A Shouty Conversation – Jenny 17
[For back story go here: Story so far at 27 July 2020.]
There had been only one day at work before the nods, winks, whispers and more that Jenny felt sure were happening behind her back solidified into a meeting with her line manager. Such meetings were not out of the ordinary, of course, there was any number of reasons why she would haver to come into his office, but it was clear there was a pretty specific reason this time.
“Had a good weekend?” started Linus.
“Yes, great thanks. Restful,” said Jenny.
“Everything…OK at home?” he asked. Linus regarded this as ‘floating a boat’ or ‘fishing for clues’, Jenny regarded it as deploying a drag net.
“Yes, yes,” said Jenny, bright and breezy. “No problem at all,” determined to ride this one out.
“I hear the police were called,” said Linus, raising an eyebrow in a way he believed would take the edge of this statement and turn it, as if by magic, into a non confrontational question.
There was a pause. Jenny could not ride this one out.
“They were, yes,” she said. “Not sure by whom, but… they were there.”
“Do you want to… talk about it?” asked Linus.
Of course you want me to talk about it so you can tell everyone else you little…. thought Jenny.
“Not particularly,” she said. “No.”
“Only, if there’s anything I can do to help. We’re an empathetic firm, we want to help and we don’t want to ignore things that might affect your productivity.”
Jenny sighed.
She didn’t know who had called the police but she suspected it was the next-door neighbours who had never liked them and who had been waging a low level campaign against the family which previously had consisted of letters and postcards (sometimes with pictures of their home town on(?!!)) asking for music to be turned down, video games to be curtailed and headphones to be used.

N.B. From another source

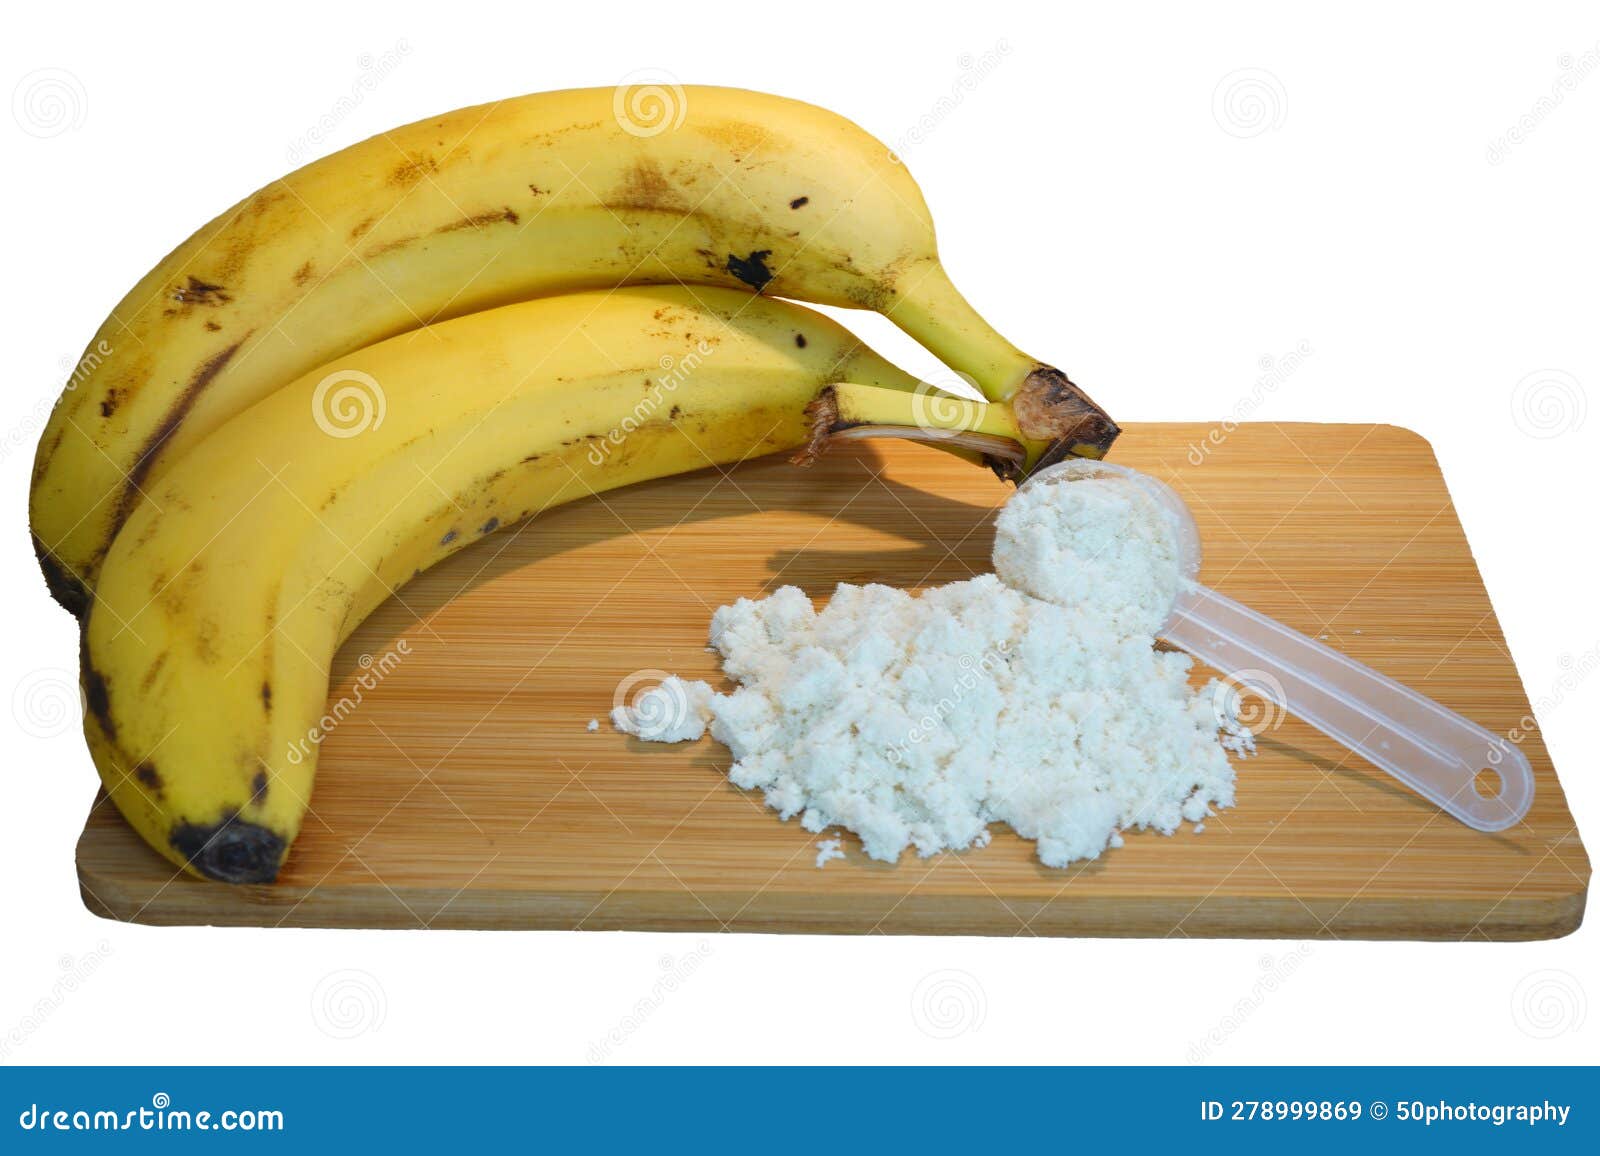 bananas and whey protein powder on a wooden board

Perhaps the shouted conversation between Peter in the loft and everyone else not in the loft was a little louder than usual, but the idea that it merited reporting was way over the top.
Before the cops arrived, Jude’s dad had been standing by the front door. He shouted his thoughts into the house where they were relayed up the stairs to Jenny by Izzy stationed at the foot of the stairs. Jenny then relayed them to Peter in the loft, although naturally both she and Izzy had their own thoughts and notes to add to the conversation as it passed by them. In additional to that, Jude, who was on the first landing, also chipped into the conversation that was really hers to have with Peter alone. Instead of a considered, gentle discussion of what their future might be, Peter and Jude were having their actions and future comprehensively aired for the next-door neighbours and beyond.

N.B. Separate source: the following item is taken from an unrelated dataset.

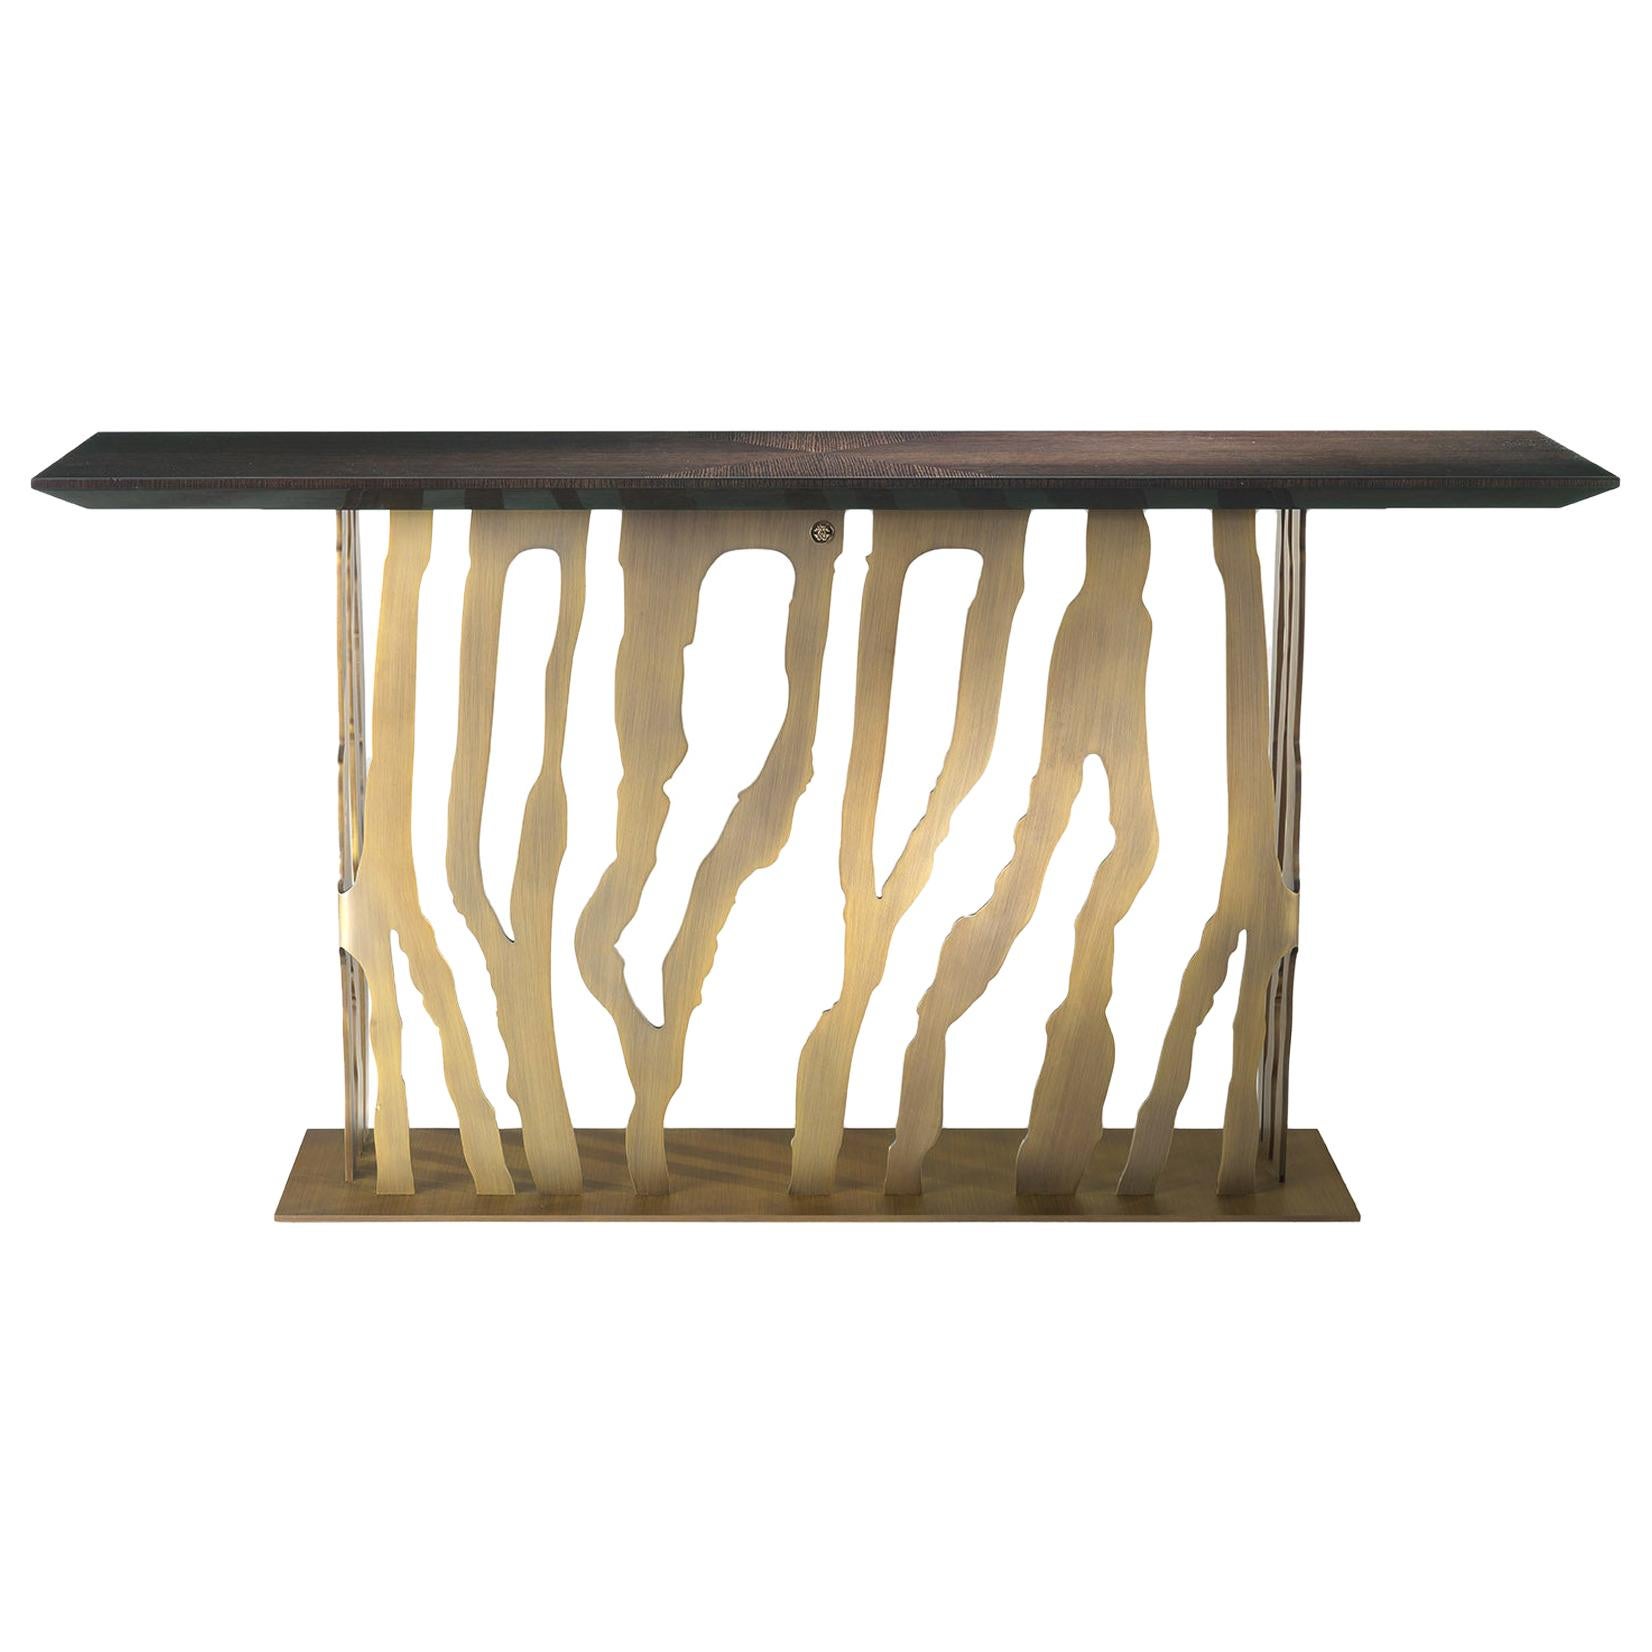 21st Century B-52 Console in Wood and Metal by Roberto Cavalli Home Interiors

“If you ask me, you haven’t been taking enough care of your kid!” shouted Jude’s dad. “If you had some control over him none of this would have happened.”

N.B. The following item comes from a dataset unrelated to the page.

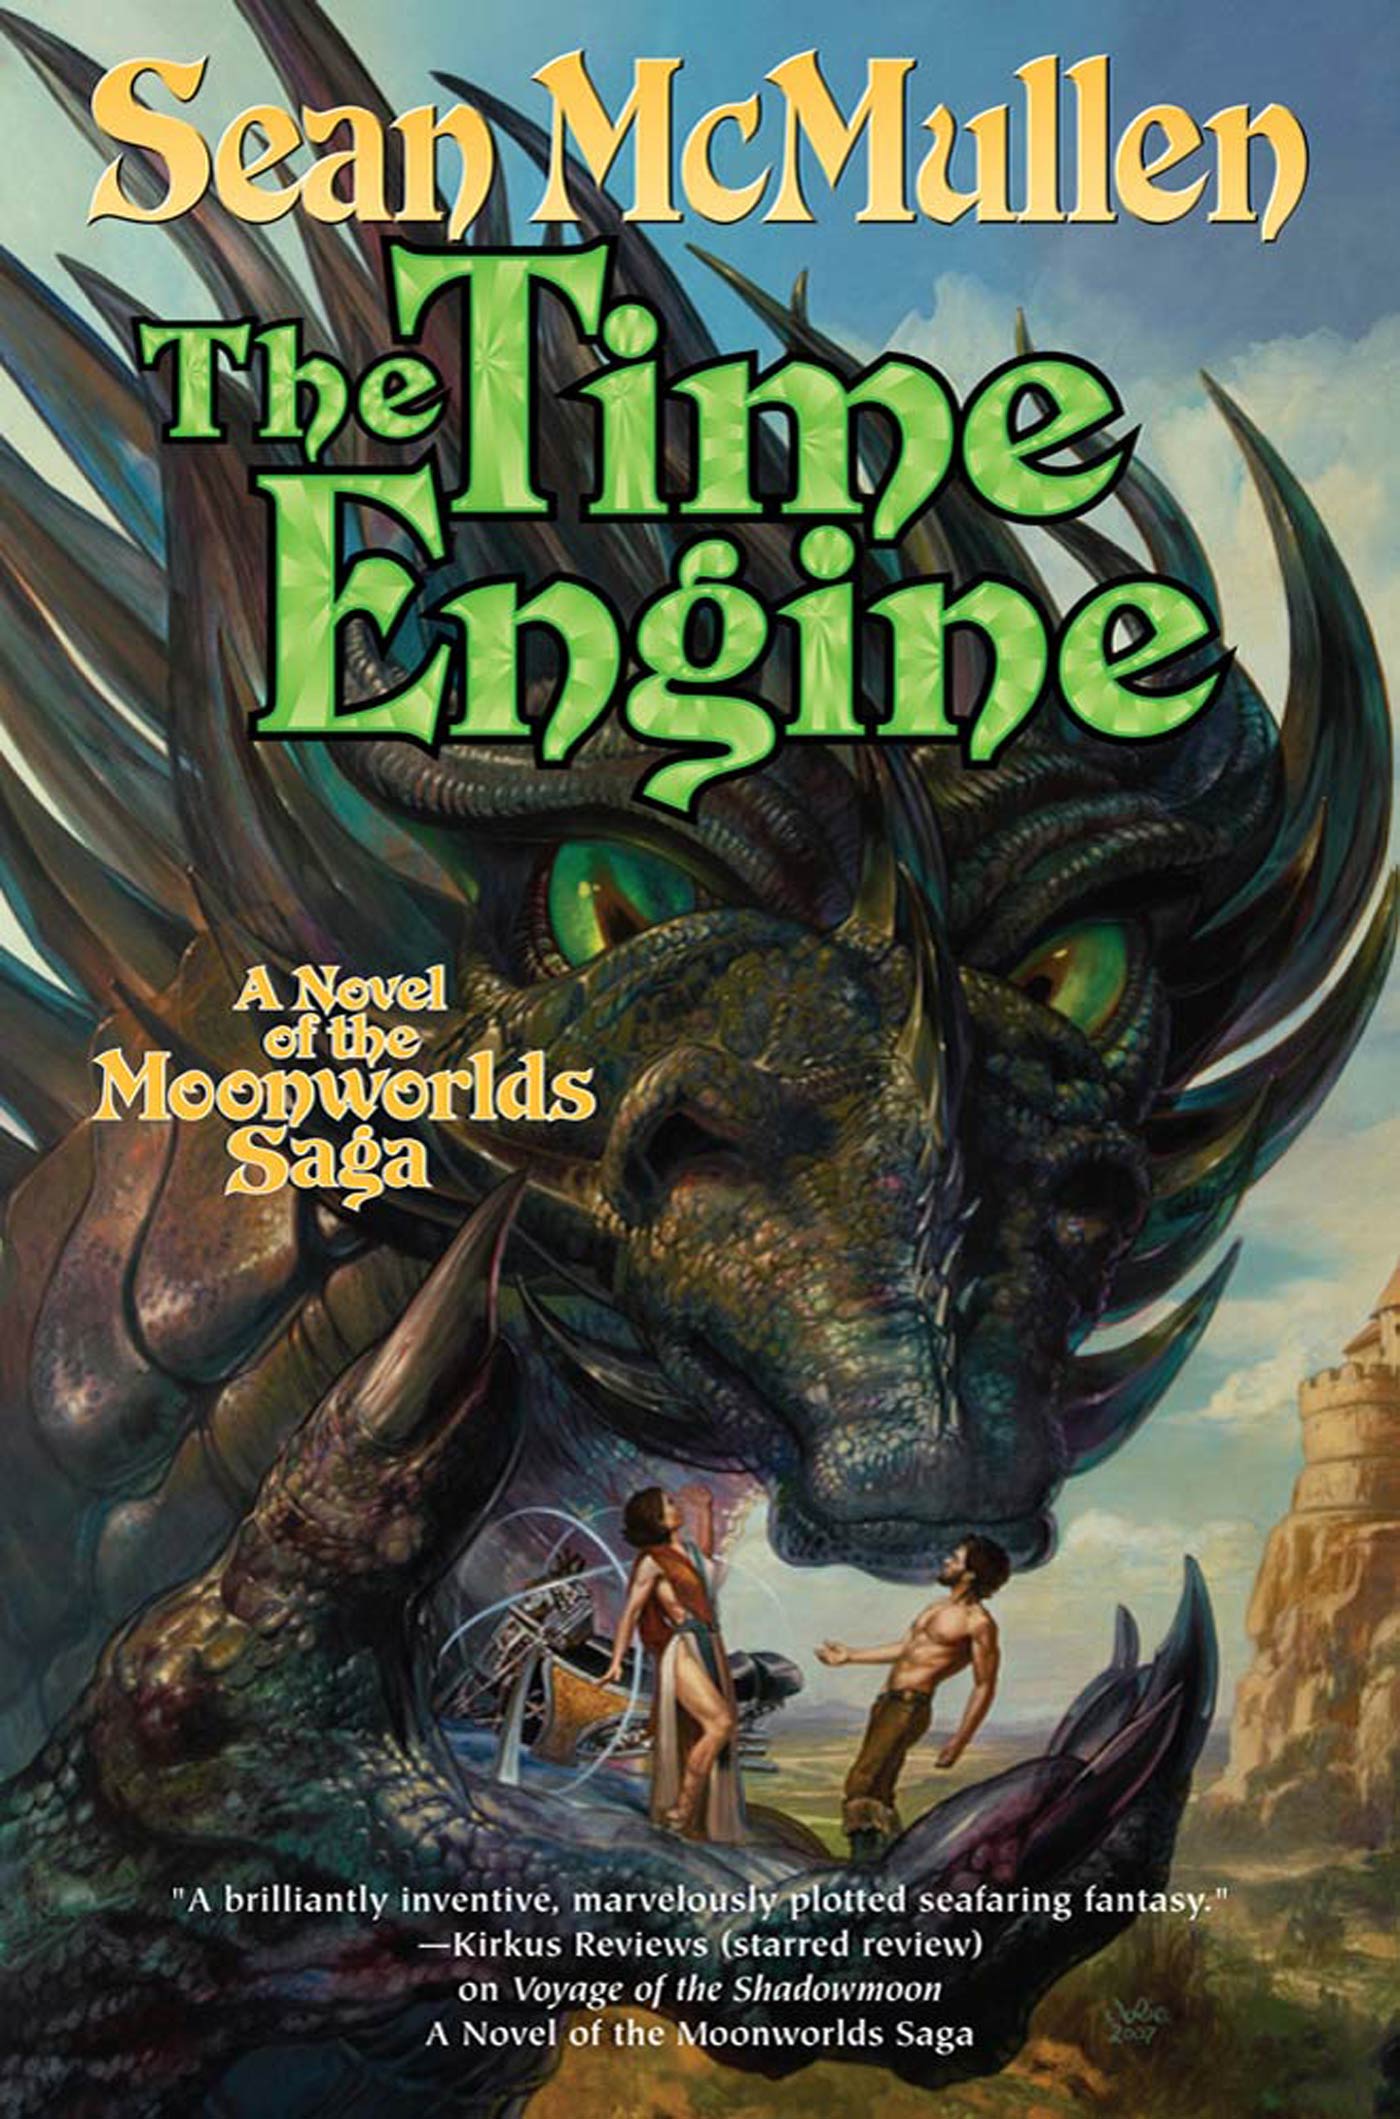 The Time Engine : The Fourth Book of the Moonworlds Saga by Sean Mcmullen

“It takes two to tango,” pointed out Izzy before relaying Jude’s dad’s comment to Jenny, but Jude meanwhile replied: “I did have some say in this dad!” Which Izzy tried to relay back to Jude’s dad while Jenny shouted up the comment to Peter and shouted down an obscenity for Izzy to relay back to Jude’s dad which of course she laughed at and did not relay.
“What did she say?” asked Jude’s dad.
“I’m waiting to hear,” said Izzy, democratically.
“…and it might take two but I know my Jude,” said Jude’s dad. “And she’d never do anything like this.”
“But she has, hasn’t she?” pointed out Izzy.
“Good job we’re socially distancing,” said Jude’s dad, in a not very friendly way.
“We took precautions,” said Peter, meanwhile, in the loft and between coughs. “I’m not joking, I wouldn’t have… And… and I love her anyway mum, I love her.”
Jenny took this on board. She turned to Jude. “Do you love him?”
Jude nodded. “My dad’ll kill me though,” she said. “You can hear him, can’t you?”
“We can try talking to him – together. See what we can do.”
“He hates me though,” said Jude. “Has for a long time. And especially now I look like…” her voice trailed off.
“I was a goth when I was your age,” said Jenny with half a smile. “You do it better than I ever did. I could never get my hair to stay up like that.”
“We have better hair products these days,” said Jude mischievously.
“Stand back,” said Jenny, “I’m coming through.”
And so she tried to reason with Jude’s dad as he stood two metres away from her on their doorstep. She tried to tell him everything would sort out, they needed time, let everything be and let’s see what happened. And Jude’s dad’s voice became louder, ruder and eventually, for no other reason than there was a shouting man on the lawn, the police turned up.
And they never even set foot in Jenny’s front garden. But it was enough for the nods, winks and whispers to start.
“Do you think it’s affecting my productivity?” Jenny asked Linus, “Or do you think it’s affecting yours?”